Another answer: "understanding" requires something that statistical compression doesn't provide — grounding in the world, embodied experience, intentionality. In this view, an LLM is forever just a very sophisticated pattern-matcher, not an understander.
This debate isn't resolved. The compression frame doesn't resolve it either. But it does clarify the terms: whatever LLMs are doing, they're doing it by building an exceptionally good model of the statistical structure of human-generated text. Whether that model captures "meaning" is a philosophical question that compression theory can't answer.
Summary
- Language model training is a form of lossy compression: the training corpus (trillions of tokens) is compressed into model weights (billions of parameters).
- LLMs, used as arithmetic coders, beat every classical lossless compressor on English text — they have a better probability model.

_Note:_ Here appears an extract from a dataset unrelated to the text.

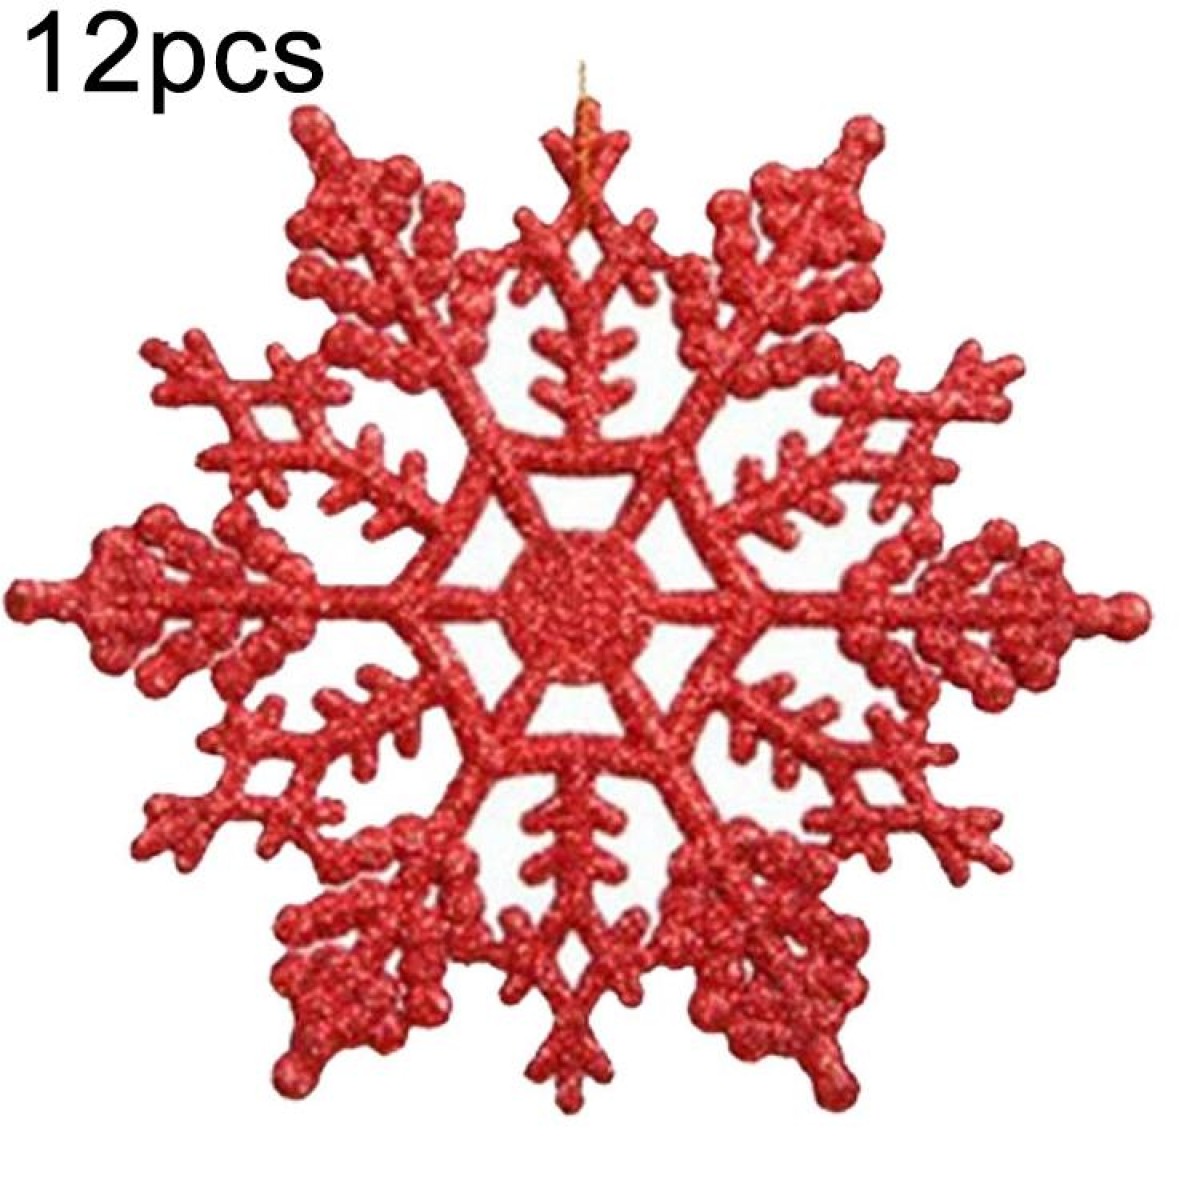 12 PCS Christmas Tree Ornaments Acrylic Snowflake Pieces Decorative Pendant Loose Powder, Diameter: 10cm(Red)

- Inference is approximately decompression: generating text that conforms to the stored statistical patterns.
- What gets lost: verbatim text, precise numbers, provenance, rare facts. Hallucinations are the model generating plausible-but-imprecise reconstructions of poorly-compressed information.
- LLMs are expensive because the "compressor" and "decompressor" are enormous neural networks, not simple algorithms.
- Better compression implies a better model of the data; this connects compression quality to something like intelligence.
- The frame breaks down for fine-tuned models, reasoning capabilities, and tool use — but it's a useful lens for understanding base model behavior and limitations.
The link between compression and understanding runs throughout the history of information theory. Shannon's work was not just about sending bits efficiently — it was about the nature of information itself. The LLM is, in some sense, the culmination of that thread: a machine that has learned to model the information in human communication well enough to generate new instances of it.
Whether that constitutes understanding, or merely very sophisticated pattern-matching, is left as an exercise for the reader.